Быть может, нечто подобное и впрямь подгоняет художника: сегодня — Тереза, завтра — он сам…

Товарищи по мастерской и раньше поражались, что, в то время как они во время прогулок с Саврасовым долго не могли выбрать место, удачную точку, Левитан обычно пристраивался работать чуть ли не у первого куста.

Теперь же они посмеиваются, что, если Левитан станет знаменитостью, это время войдет в его биографию как «останкинский период». Шутка сказать, три лета он проводит здесь.

Весной 1882 года по Училищу разнеслась весть о том, что Саврасов уволен. Его уже давно не видели в классах. Он скрывается от учеников, и временами доходит слух, что видели, как он продает за бесценок свою очередную картину.

Те, кто видел эти полотна, не любят о них рассказывать. Это уже не песни — не «Грачи прилетели», не «Проселок». Это, скорее, страшные, редкие, судорожно рвущиеся пузыри, появляющиеся на поверхности воды, когда в глубине барахтается тонущий человек.

Теперь «саврасовцы» почувствовали себя сиротами. Ведь и раньше даже явные их успехи порой вызывали пренебрежительные отзывы иных преподавателей.

Илларион Михайлович Прянишников своего дальнего родственника Костю Коровина и то не жаловал: мальчишка, смеет ему перечить в разговорах об искусстве, да и в своих картинах тоже действует «поперек». Скажите пожалуйста, щенок, антимонии разводит, о колорите рассуждает!

Когда при Прянишникове как-то заговорили о мотиве и пейзаже, он только выразительно посмотрел на говоривших, повернулся и ушел.

Коровинский морской пейзаж окрестил «морским свинством», а левитановский «Осенний день» — разноцветными штанами.

Кого теперь пошлет судьба саврасовцам?

На передвижной выставке они долго не могли оторваться от одной картинки: «…желтый песочный бугор, — вспоминал о ней много лет спустя Коровин, — отраженный в воде реки в солнечный день, летом. На первом плане большие кусты ольхи, синие тени и среди ольх наполовину ушедший в воду старый гнилой помост, блестящий на солнце. На нем сидят лягушки.

Какие свежие, радостные краски и солнце!

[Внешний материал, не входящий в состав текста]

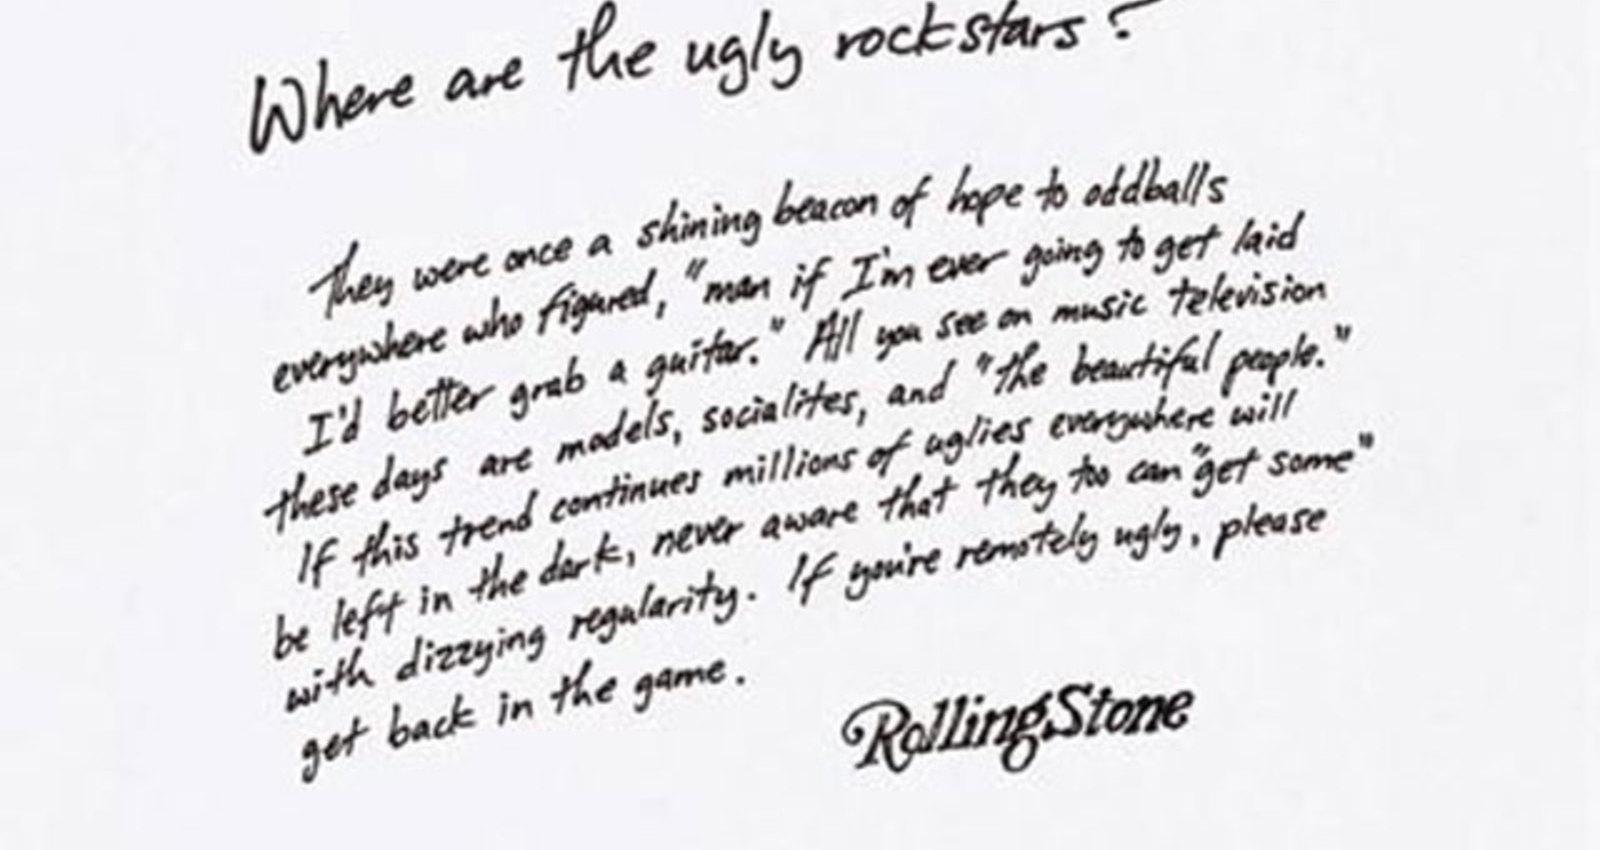 Ugly Rockstars, Live Fast Die a Senior Citizen, 666 Petalicious

Густая живопись.

Я и Левитан были поражены этой картиной».

И, как пишут в романах, велика же была радость саврасовцев, когда выяснилось, что в Училище приходит автор поразительного полотна — Василий Дмитриевич Поленов.

Поленов только что женился, совершил удачную поездку в Египет и Палестину, увидел там новые для себя краски и начал работать над этюдами, которые через три года с огромным успехом покажет на передвижной выставке.

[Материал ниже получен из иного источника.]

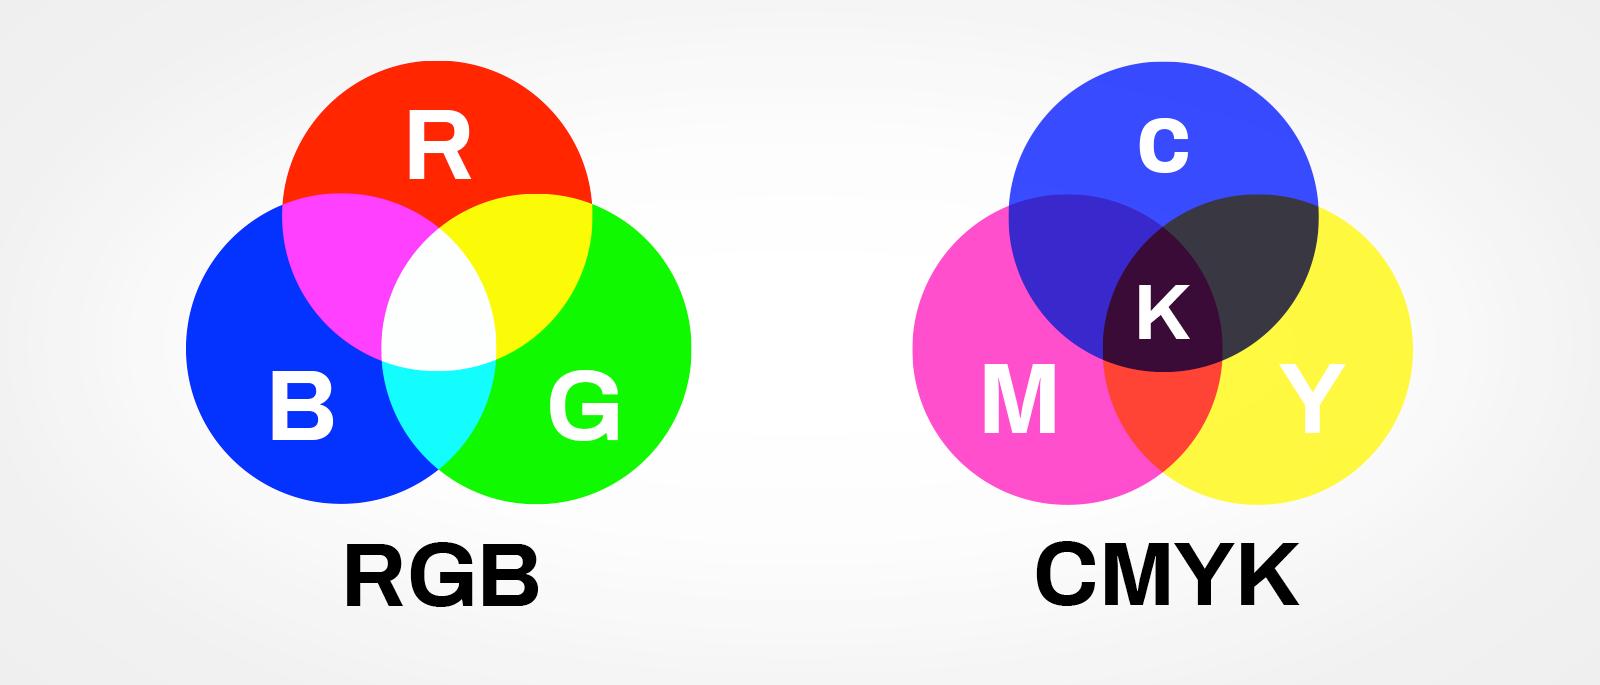 cms/blog/RGB_-_POD_Glossary_-_SPOD

От него веет счастьем и надеждами на будущее. Какой контраст с угасающим Саврасовым!

Поленов женат на дочери фабриканта Якунчикова, одного из строителей Московской консерватории. Он в родстве и дружбе с другим богатым меценатом, Саввой Мамонтовым. В мамонтовском имении Абрамцеве он пишет не только многие свои лучшие пейзажи, но и декорации к домашним спектаклям, в которых сам же играет.

Как и многие другие художники, Василий Дмитриевич прочно попадает в орбиту «Саввы Великолепного», как прозвали Мамонтова (в подражание знаменитому Лоренцо Медичи, покровителю искусства во Флоренции времен Возрождения).

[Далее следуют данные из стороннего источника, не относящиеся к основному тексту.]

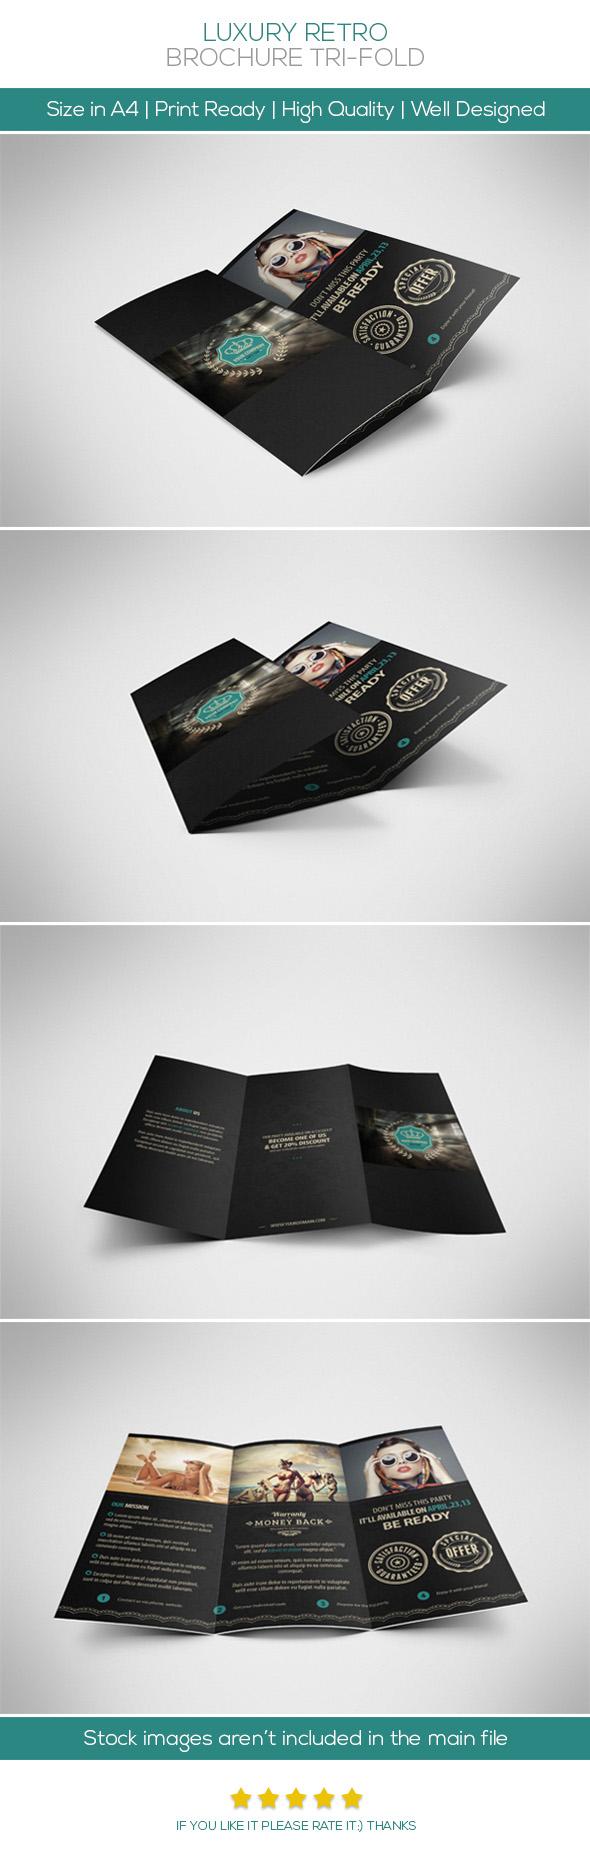 Retro Luxury Brochure Tri-fold

Савва Иванович, энергичный делец с большим размахом, и в искусстве обнаружил подлинный редкий дар: «талант понимания», как выражались о нем художники. Он умел поддержать, ободрить дарование, еще отнюдь не нашедшее признания и даже порой колеблющееся в выборе пути.

Все чаще и чаще к его авторитету прибегают в самых разных случаях и в самых разных кругах.

«Принесут ли картину, появится ли доморощенный художник, музыкант, певец или просто красивый человек, достойный кисти живописца или резца скульптора, — вспоминал К. С. Станиславский, — каждый скажет: „Надо непременно показать его Савве Ивановичу!“ Помню, принесли вновь покрашенный шкаф с моими игрушками; небесный колер и искусство маляра так восхитили меня, что я с гордостью воскликнул: „Нет, это непременно, непременно надо показать Савве Ивановичу!“»

Один из давнишних друзей Мамонтова, художник Неврев, всегда величал детей по имени и отчеству. Когда Савва Иванович выразил свое удивление по этому поводу, мрачно-серьезный Неврев невозмутимо объяснил: «Да ведь не успеешь оглянуться, как эти малыши вырастут и тогда изволь приучаться звать их по-новому. Нет, уж лучше я загодя привыкну называть их как полагается».

Нечто похожее скоро ощутили новые ученики Поленова в его отношении к ним.